Bill slowly crawled out to give yet another year’s worth of prophesy, noting his ascent felt stiffer…tougher than it had been in years past. He glanced around in great dismay at the meager gathering. The crowd, as usual, greeted him with their backs, more intent to listen in giddiness to what his twin brother, the false prophet from Punxsutawney, had to say. Hadn’t it dawned on them that a true prophet wouldn’t be carried out in such pomp and circumstance? Had Elijah resided in the palace of King Ahab? Heavens, no! Wasn’t it rumored that the Christ-child, himself, had been born in a stable? From where else but the ground, then, would a groundhog come to deliver a life-altering prophesy?
That was the problem, though. These mortals weren’t even believers of the prophesy. They no longer possessed an understanding of what it even meant. Most of them no longer toiled the earth to bring in their harvest; so why would they know to trust one who traveled beneath its surface? One who could bring them news of expectation for sowing from above? They treated the groundhog, instead, as a 6-week weather boy. And they didn’t even interpret that news correctly! Had they not enough sense to recognize if he were to see his shadow, that meant sunshine – which translated to good weather and warm soil? Apparently not. And those beloved, authentic interpreters of the prophesy had long disappeared – or tried to profit for themselves with something they called a Farmer’s Almanac.
Bill was tired and discouraged, yet that couldn’t prevent him from delivering this year’s devastating news. The tunnels had been crawling with it for months, as more and more groundhogs disappeared into the depths of despair, ne’er to be heard from again. The rumblings had become more prominent this morning, the day after Bill had found the old carving in the gnarled roots of the ancient tree of wisdom. There, he had read the interpretation. This would be the year – the year of the great catastrophe. His fur ruffled under his slumped shoulders as he grimaced with the thought of telling the people that the Day of Reckoning had fallen upon them. But he didn’t feel altogether guilty. They’d brought it on themselves – with years of pesticides and other wastes they’d tried to hide inside the earth’s bowels.
He’d caught glimpses of the results, avoided the forms that slithered and weaved through the lower tunnels. But those lower passages were now overcrowded. Those foul creatures had nowhere else to go but up, up, onto the upper-side of the ground’s surface. Bill knew it was his duty to warn the light-dwellers who in carefree, numbing fashion were apparently deafened by that great fireball in the sky.
As he stepped from his hole, his squinted molar eyes rolled with the laughter of the people. He heard them jovially declare that Phil (the false prophet) had not seen his shadow – there would be 6 more weeks of good weather!
“You fools!” he chattered in words they refused to hear. “Your time is up! They are coming at any moment to swarm you!”
At his proclamation, the earth began to rumble underfoot.

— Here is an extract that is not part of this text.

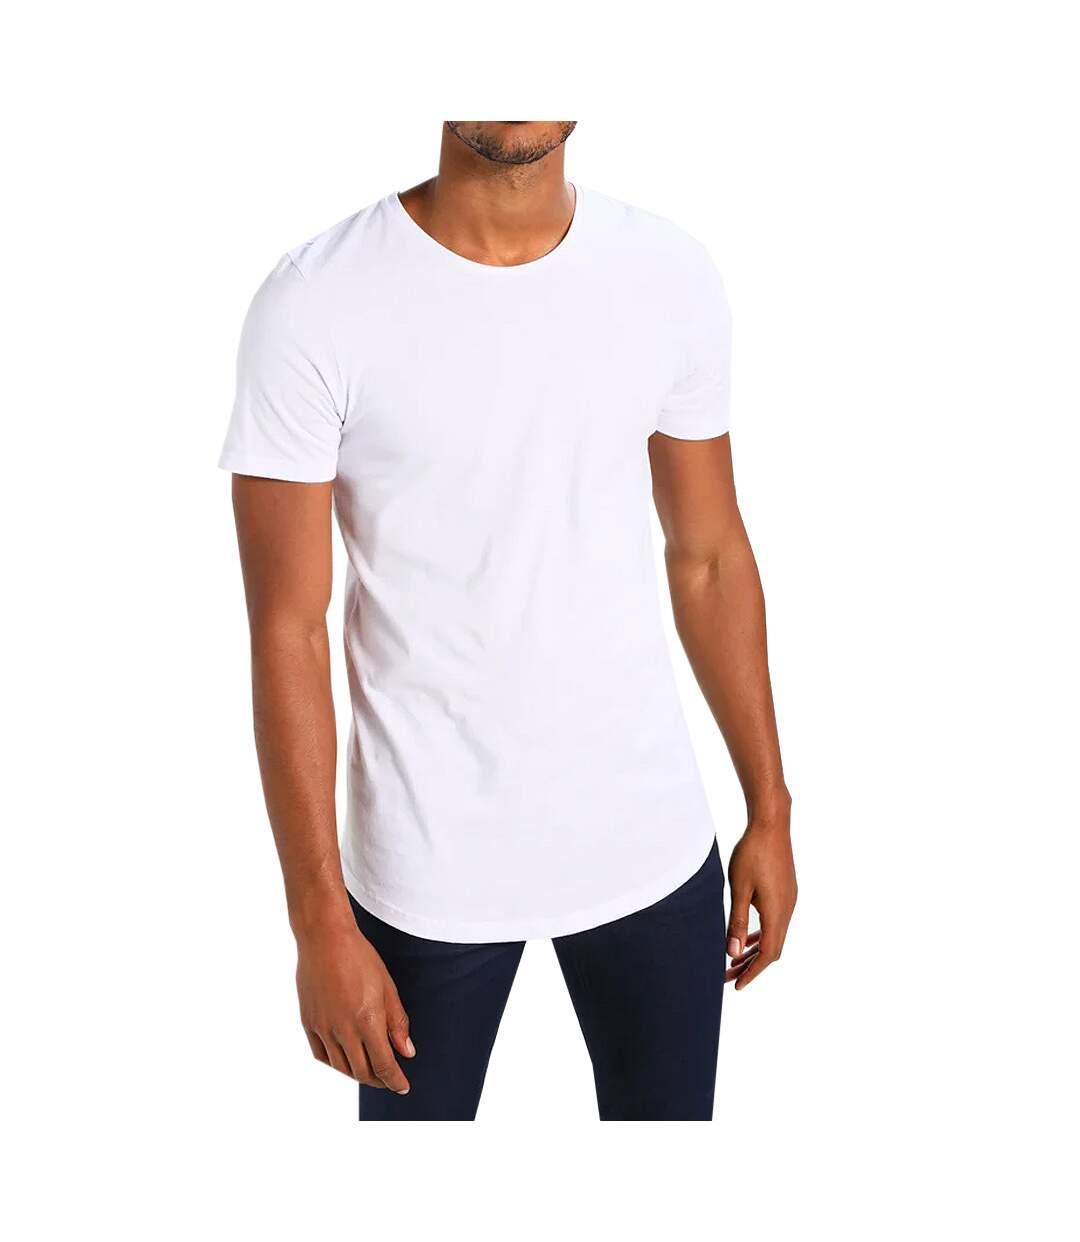 T-shirt Blanc Homme Jack & Jones CREW NECK

“Earthquake!” someone in the crowd screamed, as the people began to scramble, rushing and collapsing over one another. (Fortunately, they were too sparse in number to cause any damage too great.)
“No! No!” Bill threw up his small front paws to attract their attention. “You must listen! This is much, much worse than that!”
He ran up to the dignified elders who had paraded out the false prophet; but even they were inching back in fear, confused by Bill’s desperate actions. “Phil’s loose! He’s acting rabid!” They ran from the scene, as Bill worked furiously to chew the false prophet from his box and get him to safety.
“Dude…” grinned his twin in gratitude, obviously academically dumbed down from all the imprisoned years of human contact.
“We must hurry, Phil! Come with me!” chattered Bill.
“Nah, dude. There’s a hole over there with my name on it.” And off scampered the false prophet, left to his own demise.
“Where do you want to go?” came a small, whispery voice from behind Bill. He turned in great surprise, afraid this young girl wanted to capture him and take him home as her pet.
“You must go,” he snarled, hoping to cause her to back away and run off in fear.
“You said a minute ago that I should listen – to you,” she narrowed her eyes in suspicion.
“You can understand me?” Bill looked back, shocked.
“Why, of course I can understand you, silly,” she rolled her eyes impatiently. “Why else would I be talking to you if I didn’t understand you?”
The earth rumbled again and began to crack open.
“We must go…now!” yelled Bill, allowing the little girl to scoop him up and run, taking him to her car where her parents were frantically yelling her name.
“Where should we go?” the girl inquired, climbing into the car as her mother squealed for her to let the groundhog go.
“West. The East coast has already been taken,” Bill grimaced, wondering how he could’ve relayed the news any earlier. News that…
The zombie groundhog apocalypse had begun.